BEGIN Given material

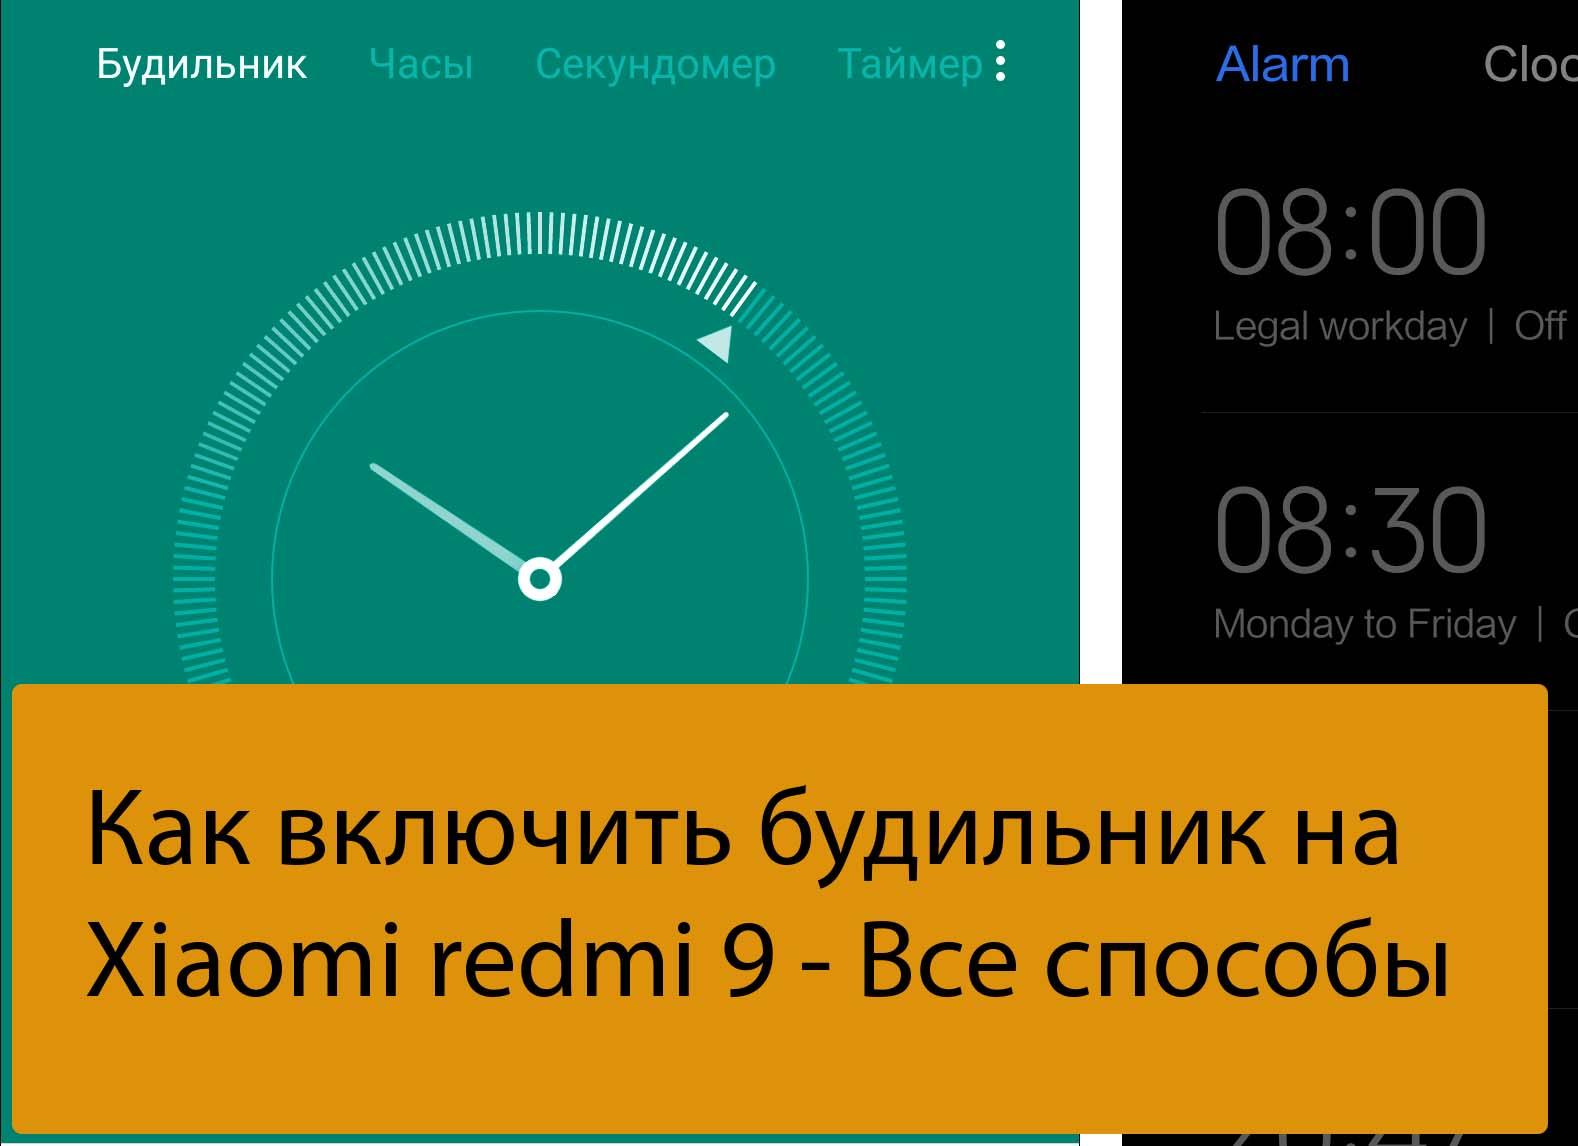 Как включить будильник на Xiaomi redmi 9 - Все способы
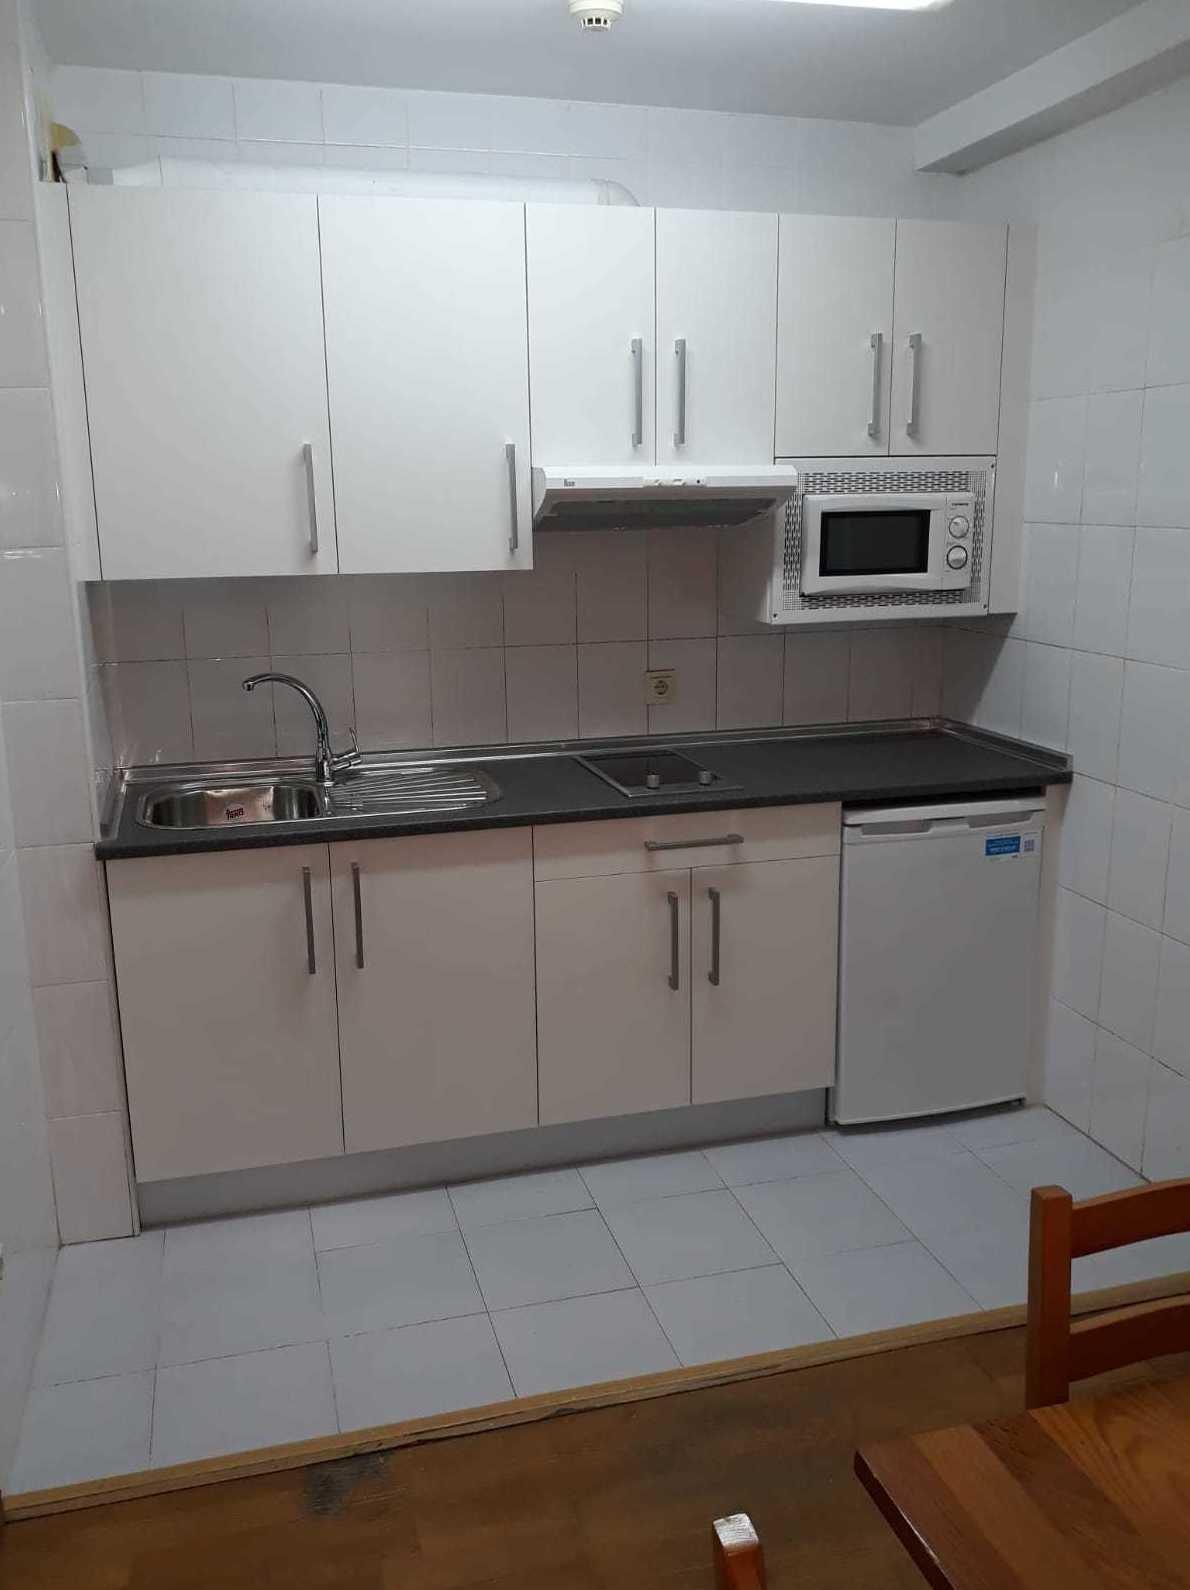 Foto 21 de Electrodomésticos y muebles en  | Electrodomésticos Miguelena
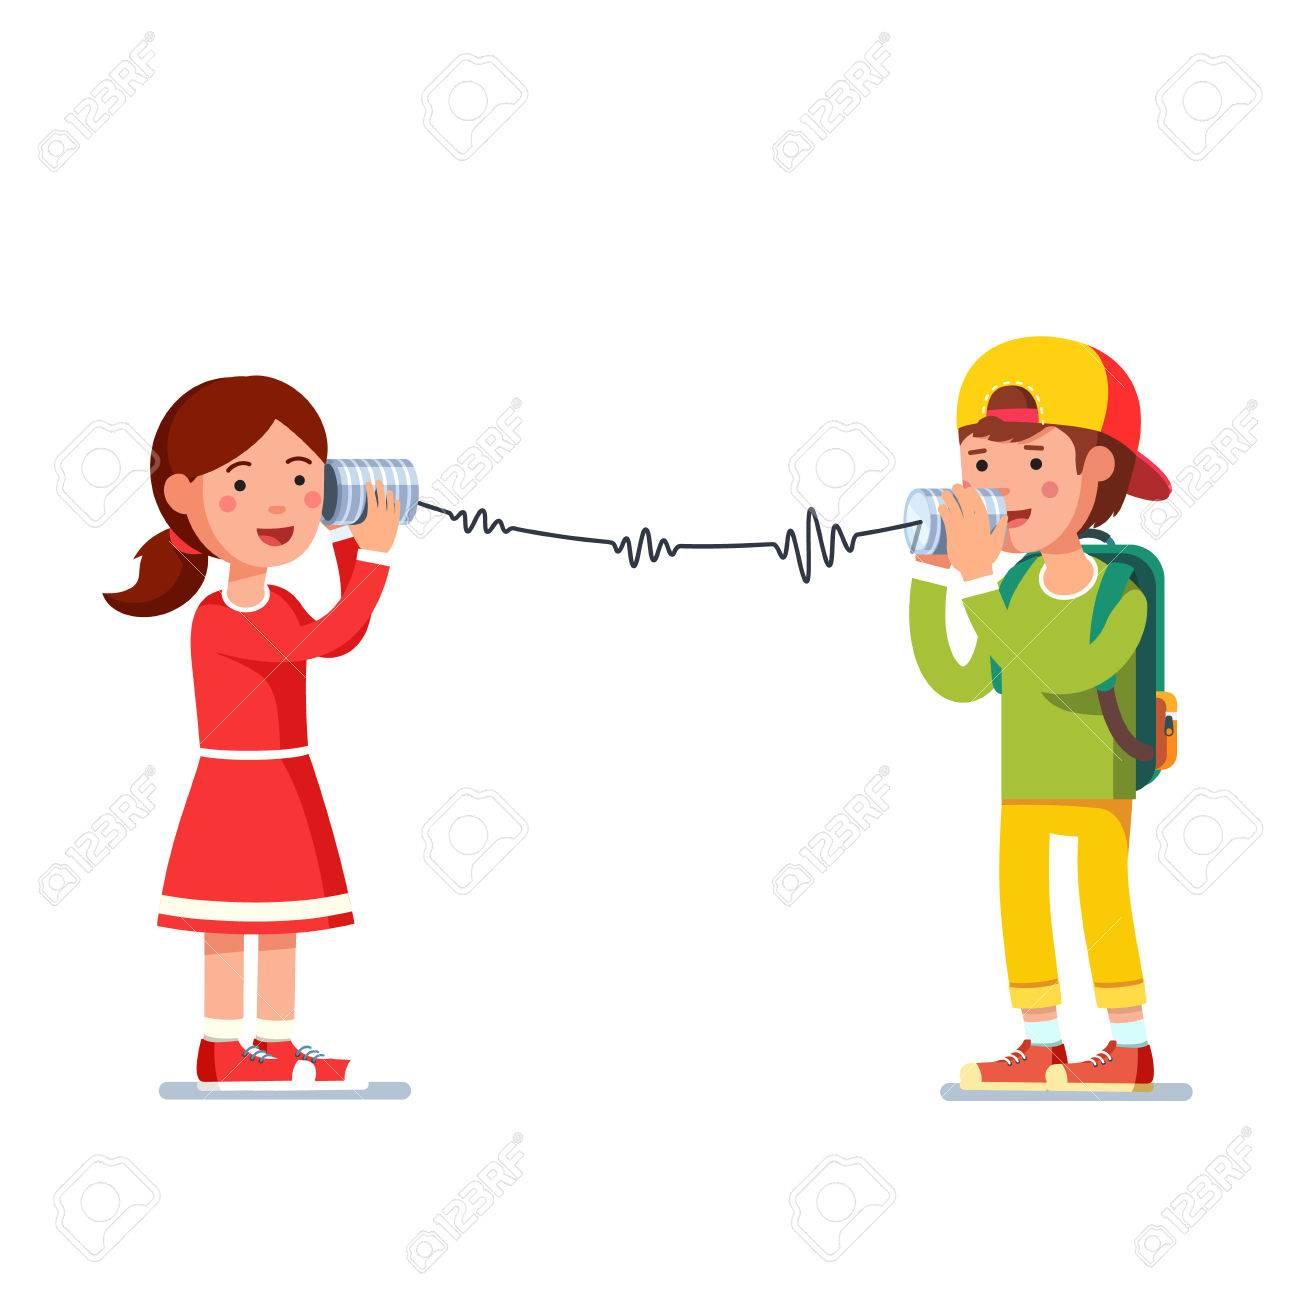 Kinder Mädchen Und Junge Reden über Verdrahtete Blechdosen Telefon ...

END Given material

**What is expected**
From the line that contains "Foto 21 de Electrodomésticos" down to the last line of the material above, every line must be repeated exactly, with pictures removed and both end lines included.

**Response to this exercise**
 Foto 21 de Electrodomésticos y muebles en  | Electrodomésticos Miguelena
 Kinder Mädchen Und Junge Reden über Verdrahtete Blechdosen Telefon ...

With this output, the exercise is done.